Universities have incentives and conflicts of their own, but they can publish methods, compare systems and study questions that do not fit a product cycle. Malik’s election as a Fellow of the Royal Society in 2026 recognises a career that connected fundamental vision research with broad application. That standing gives him a platform to demand stronger evidence.

Benchmarks should be resistant to overfitting and updated as systems improve. Test environments can be held out, with independent operators running trials. Safety events and human interventions should be part of the score.
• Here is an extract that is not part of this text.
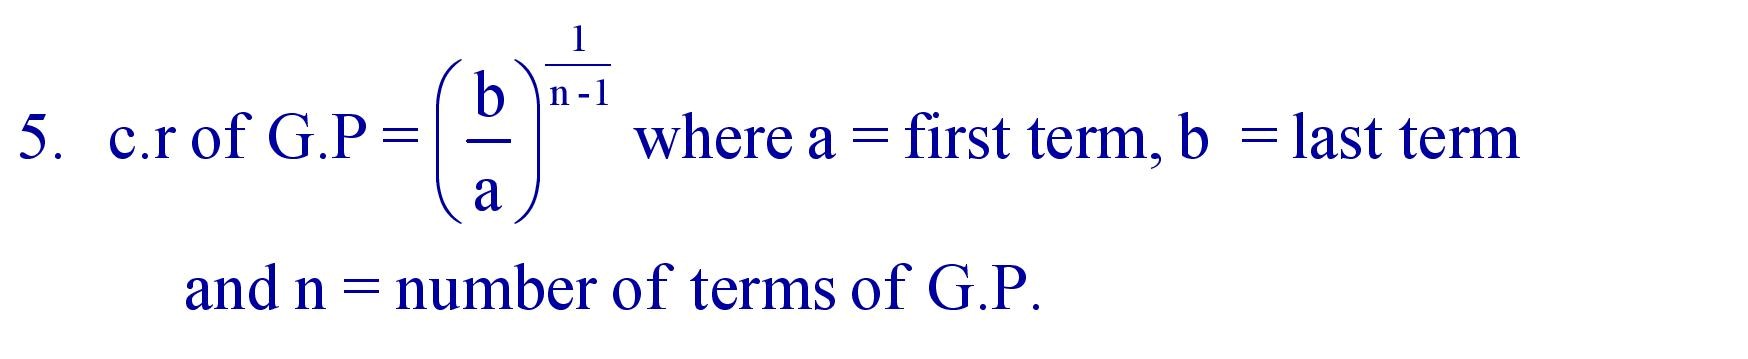 Common ratio of G.P

Funding agencies can reinforce that discipline by supporting shared test facilities and long-duration studies, not only new model architectures. Reliable robotics requires maintenance, systems engineering and repeated measurement. Those investments may produce fewer spectacular announcements, but they create evidence that companies and public institutions can use.

Jitendra Malik’s sensorimotor agenda is a reminder that intelligence is not only an answer. It is an action in a world that pushes back. Robotics will scale when companies and researchers can turn expensive physical experience into transferable learning without hiding failure or human support. Building that data economy is less glamorous than a humanoid demonstration, but it will determine which embodied systems become reliable infrastructure.